Ensuring backward compatibility in your applications

In software development, Backward compatibility is an important concept that is often overlooked. This leads to stressful software updates and production bugs. Many a time we stumble upon a situation that we have updated the API but forgot to update the dependent systems or APPs or even don’t know about who else is using the same.

Especially in distributed systems, adding new features to existing code can be really challenging. Not only do we have to understand the impact our changes might have on the various other services and apps, but we often also risk introducing bugs and odd behaviour.

Backward compatibility can help us in many ways to make such changes in a much smoother way. It can help by allowing us to add new features without breaking any of our existing code.

So what the heck is backward compatibility?

Compatibility means how one thing blends with the other.
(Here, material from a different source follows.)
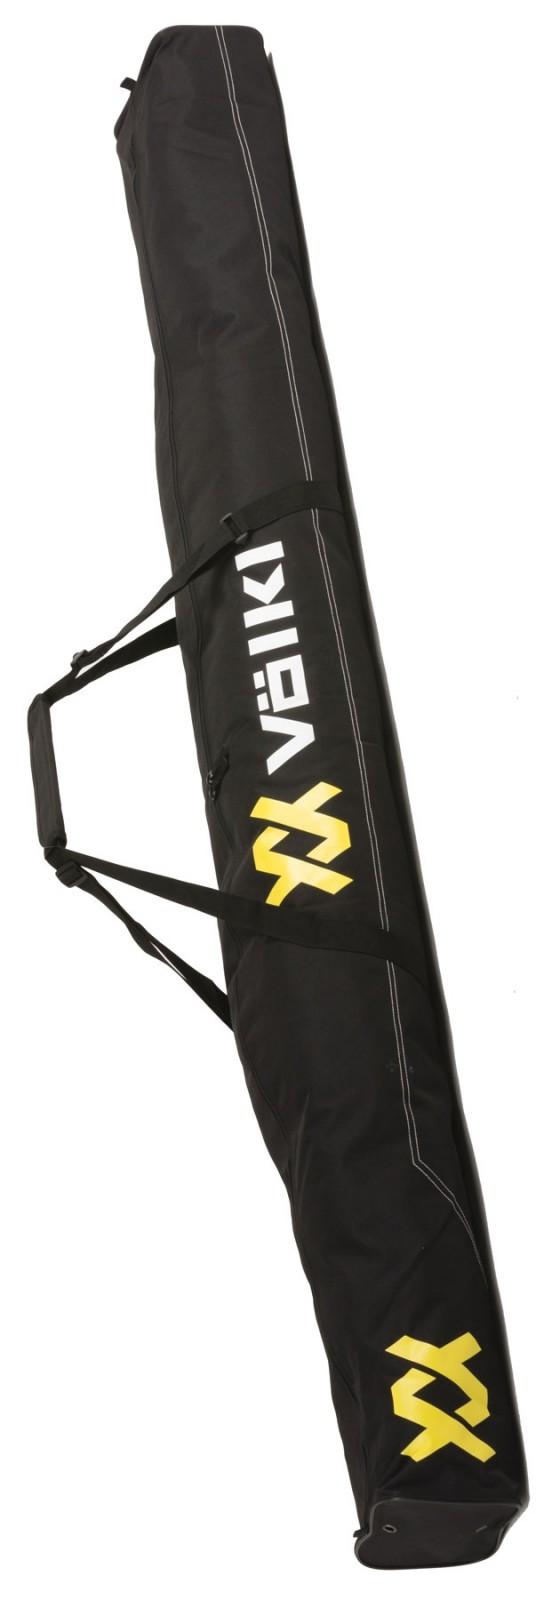 Völkl Classic Double Ski Bag 195 cm

In the context of software, backward compatibility checks whether a newer version of a product is compatible with an older version.

So a code is Backwards Compatible if a program written against one version of that code will continue to work the same way, without modification, against future versions of the code.
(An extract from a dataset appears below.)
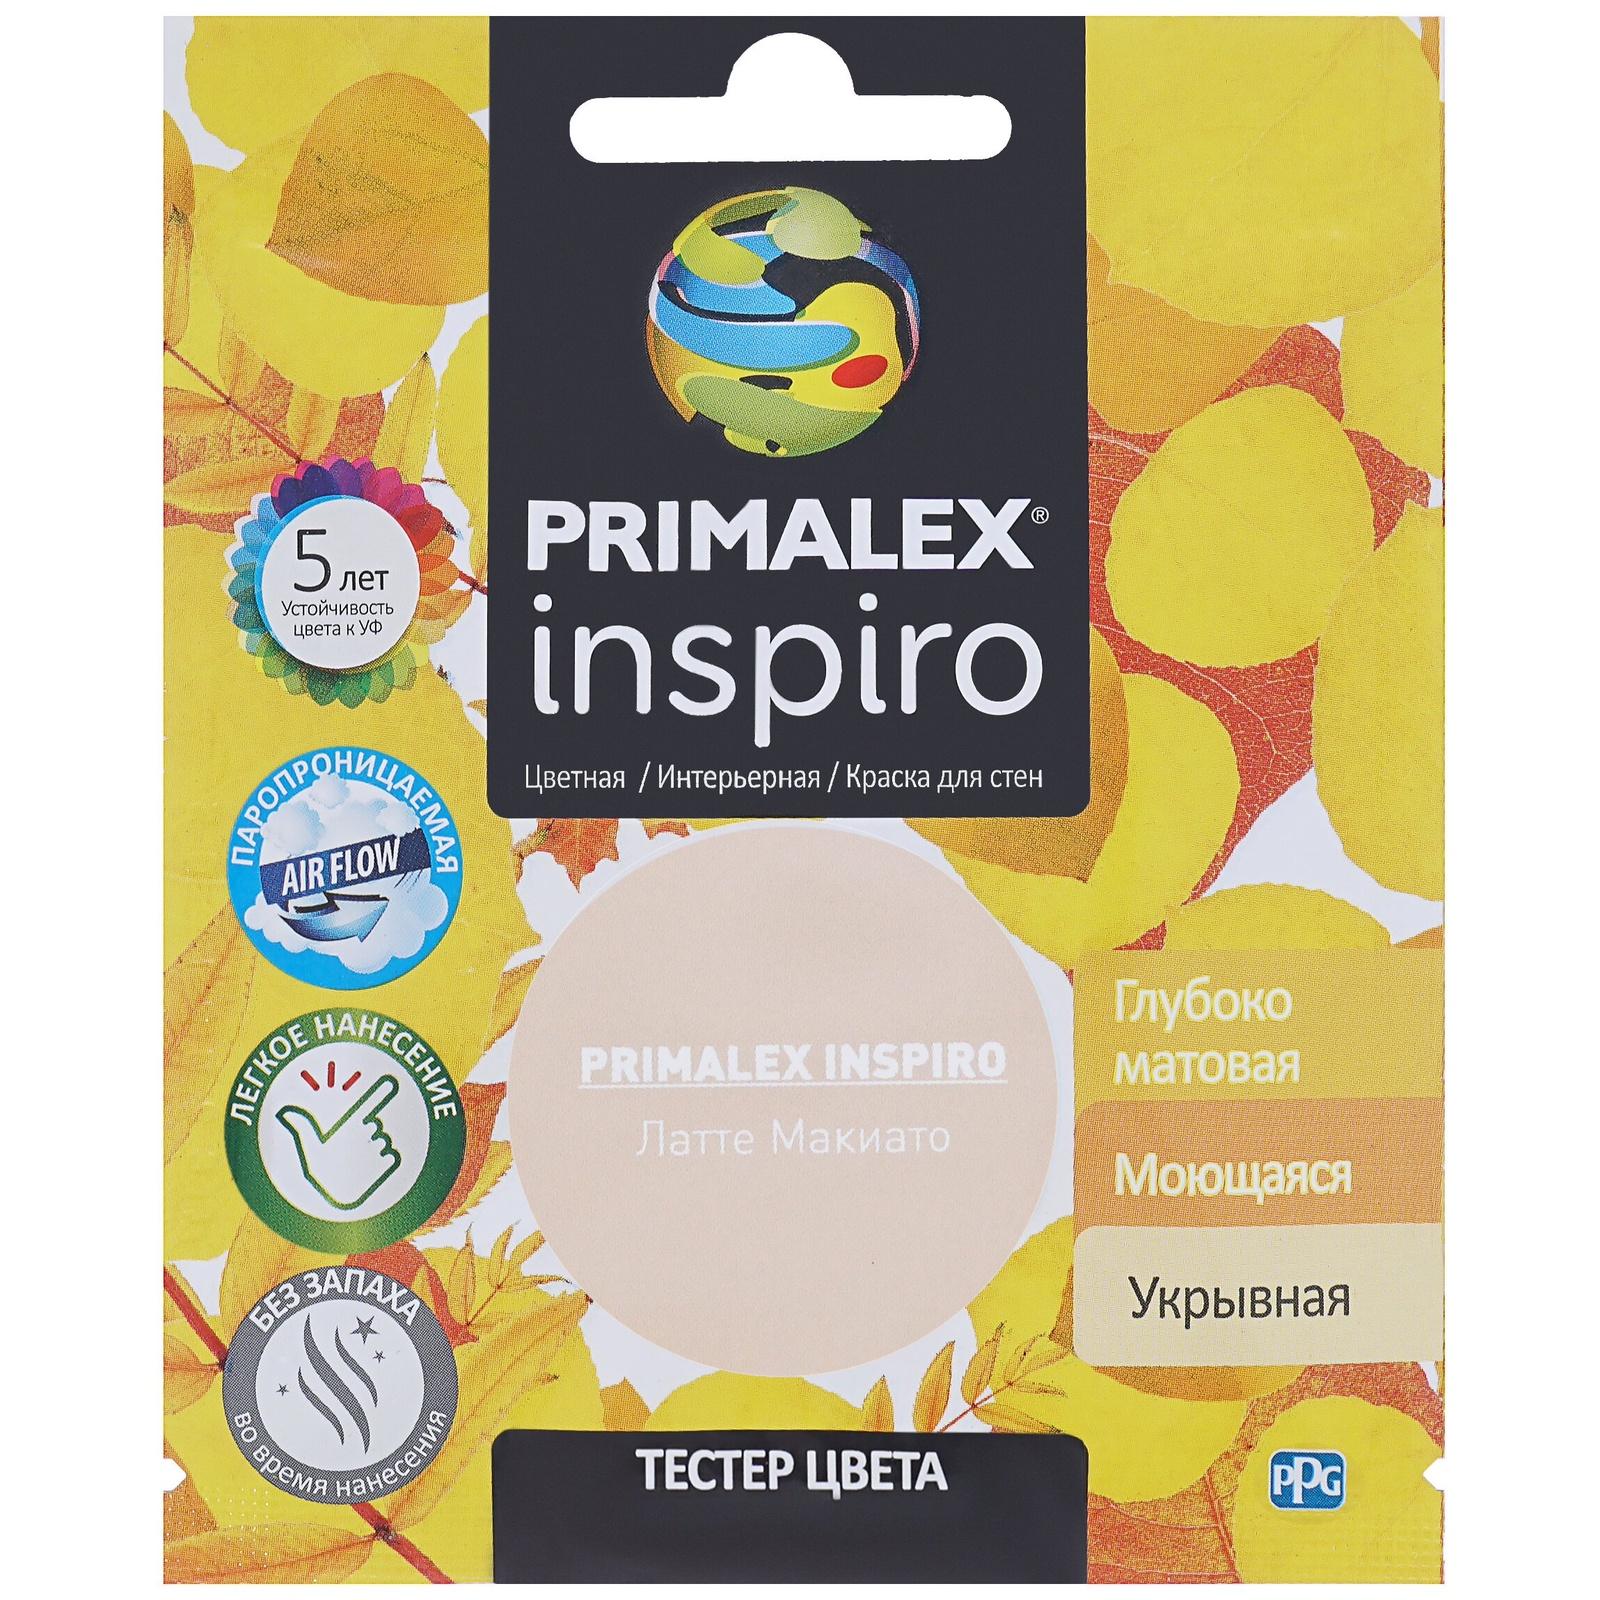 Краска PPG Primalex Inspiro Латте Макиато 40мл краска ppg primalex inspiro красный мак 40мл pmx i47

Every software product is bound to change according to the demands of the users. Hence tasks performed on an older version must work as before in the newer versions as well.

So when we are writing new code consider writing it in such a manner that existing functionality will continue to work and will not hamper the exiting functionality. Backward compatibility doesn’t only exist in code, it also needs to be maintained in all the places like databases, apps, API’s, hardware and libraries. So when we design or improve any software, we keep compatibility in mind and keep the older code compatible with new code.

Yeah, the concept is there but why should I give a lot of f*ck to it?

Well if you write industry level code and there are users who are using your product then yeah you surely need to. Backward compatibility is damn important because it eliminates the need to start over when you upgrade to a newer product.

Suppose if you’re going to introduce a breaking change, you’ll have to coordinate releases. The update to system A will have to be done simultaneously with the update to system B. This is a risky situation.

First, it’s difficult to coordinate releases. Especially, if multiple systems are involved. But it’s also stressful because things can go wrong easily. And when they do, it’s difficult to fix the situation. If there’s a bug in the integration, both systems might need to be fixed, requiring even more coordination. It’s even worse if one system needs to be rolled back for whatever reason. Then the other needs to be rolled back as well. This might not always be possible, because the new version may have side effects that can’t be undone: new data structures, emails sent, lost data, etc.

Let’s consider a simple example, suppose you released a mobile app. There are users who are using your app on various models. Now you have to add a new feature which requires a change in one of the exiting API. If you change the API signature or modified API with certain changes to support new functionality then as soon as you deploy your changes to production then everyone needs to update the app otherwise the app will stop working. If you keep your API backward compatible then even if users are not updating the app, they will not see the new feature but will continue to use at least the exiting functionality.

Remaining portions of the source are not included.